Sequence: An ordered list of numbers, typically defined by a formula or recurrence.

Set: An unordered collection of distinct objects.

Strong Induction: Induction assuming all previous cases when proving the next case.

Subset: Set A is a subset of B (A ⊆ B) if every element of A is in B.

Summation: The notation Σ representing the sum of a sequence of terms.

Surjection: A function where every element in the codomain is mapped to (onto).

Symmetric: A relation R where if aRb then bRa.

Tautology: A compound proposition that is always true.

Transitive: A relation R where if aRb and bRc, then aRc.

Truth Table: A table showing all possible truth value combinations for a logical statement.

Union: The set A ∪ B containing elements in A or B or both.

Universal Quantifier: The symbol ∀ meaning "for all."

Universe (Universal Set): The set of all elements under consideration in a particular context.

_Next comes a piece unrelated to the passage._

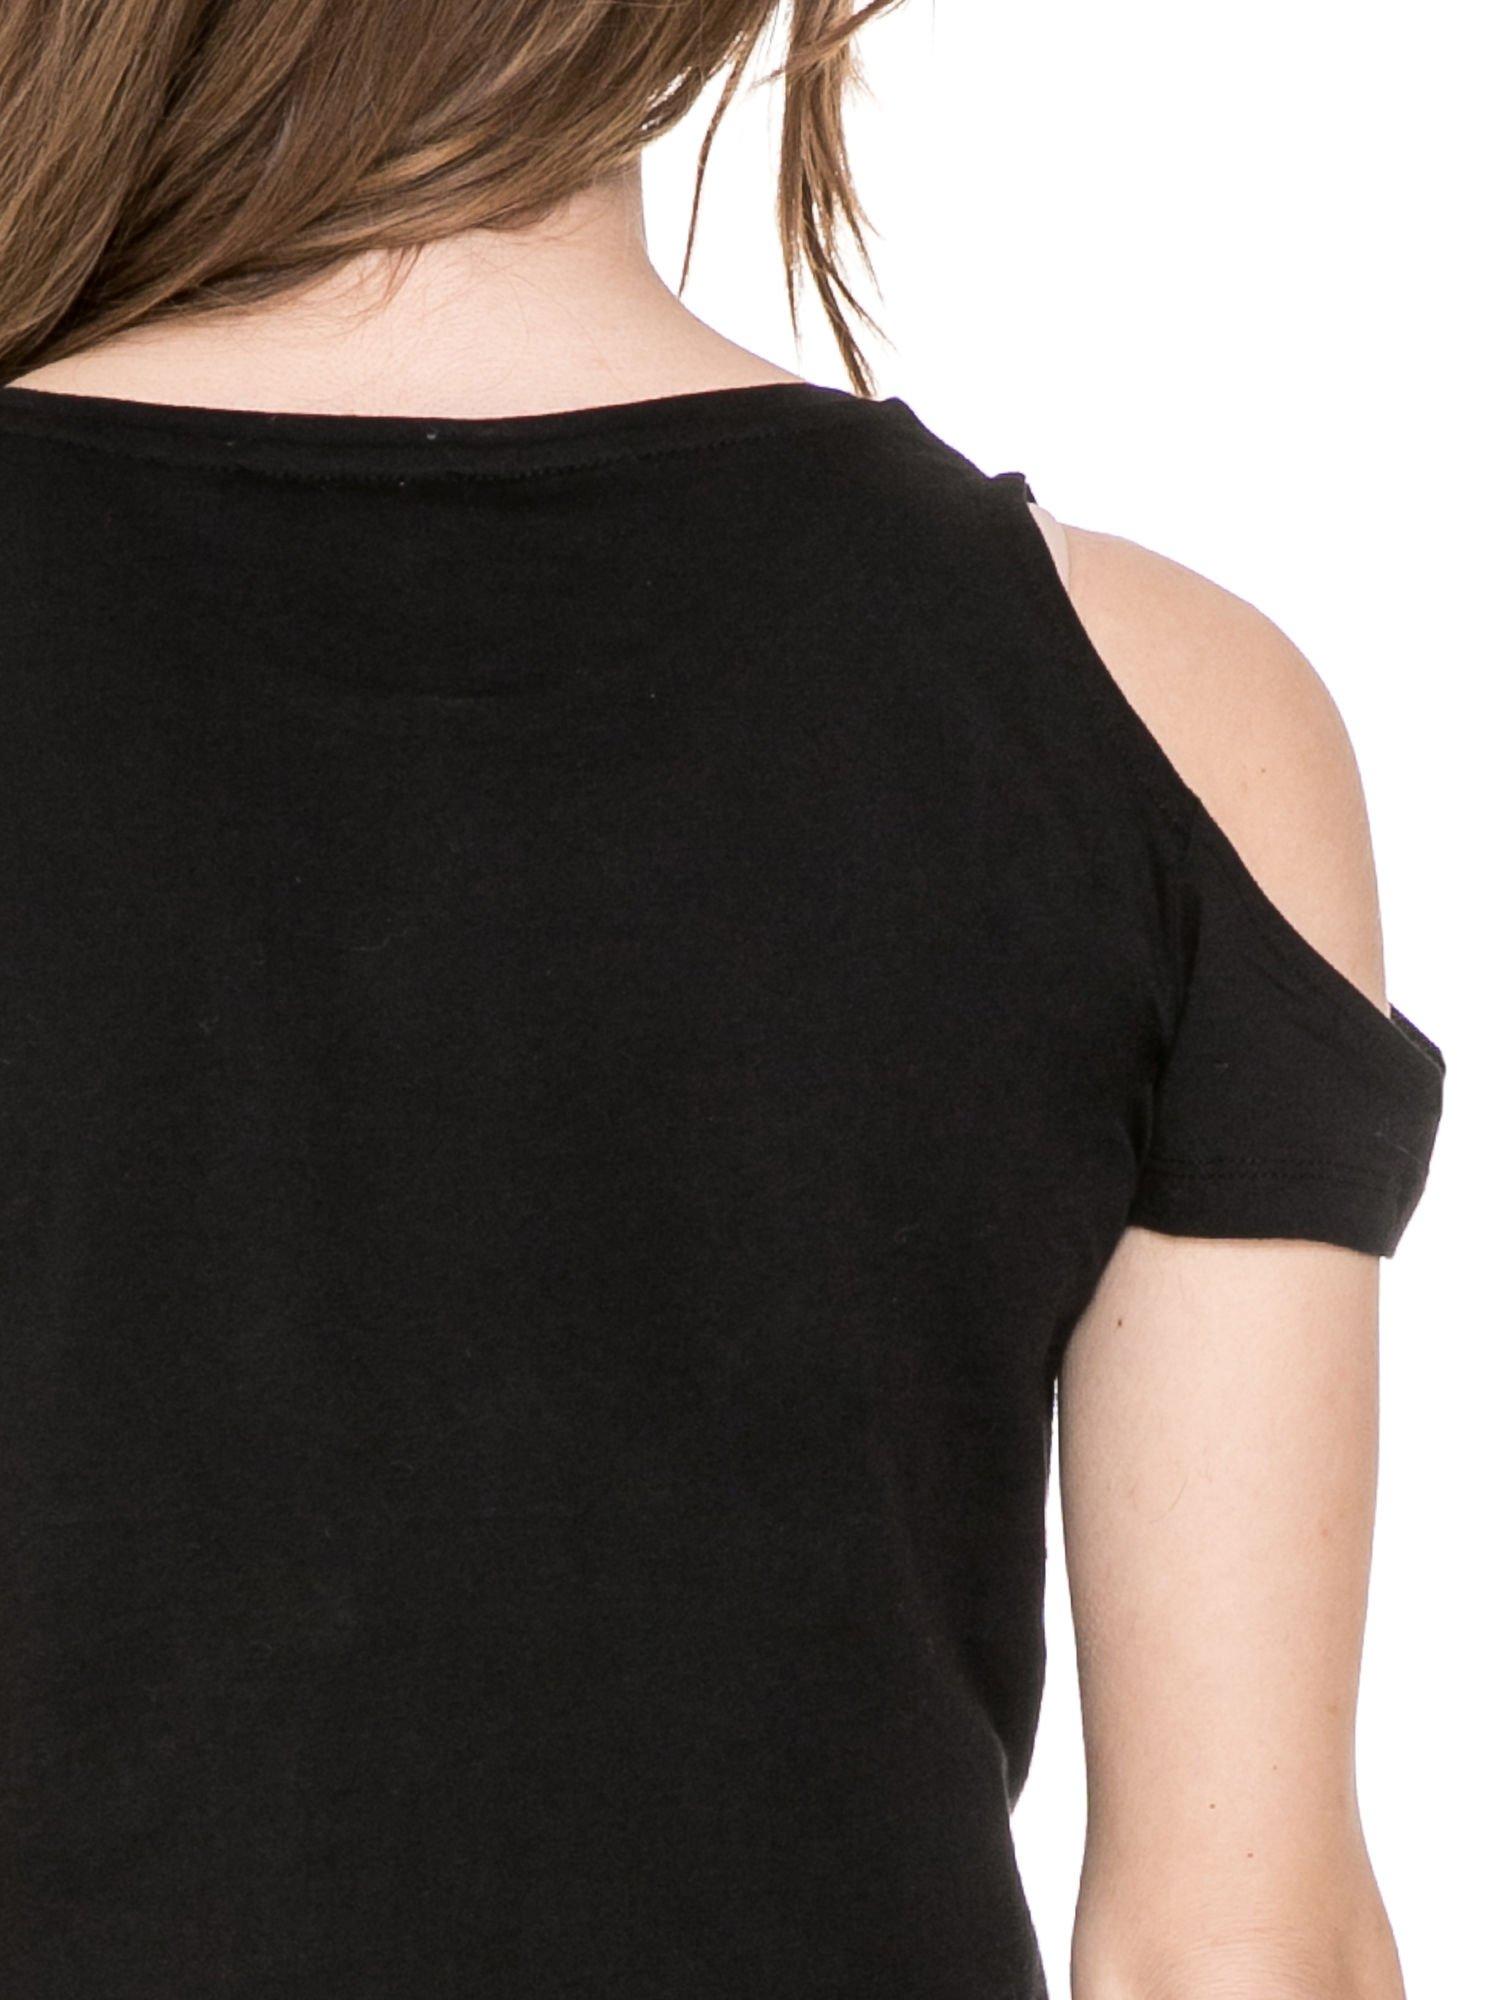 Czarny krótki t-shirt ze słotym nadrukiem TOUT SIMPLEMENT BELLE i rękawami cut out                                  zdj.                                  6

Vacuous Truth: A conditional statement that is true because its hypothesis is false.

Venn Diagram: A visual representation of set relationships using overlapping shapes.

Study Tips

Master these concepts through practice. Work problems daily, connect ideas across topics, and always understand why methods work, not just how to apply them. Discrete mathematics is the foundation of computer science—every algorithm, data structure, and complexity analysis builds on these principles.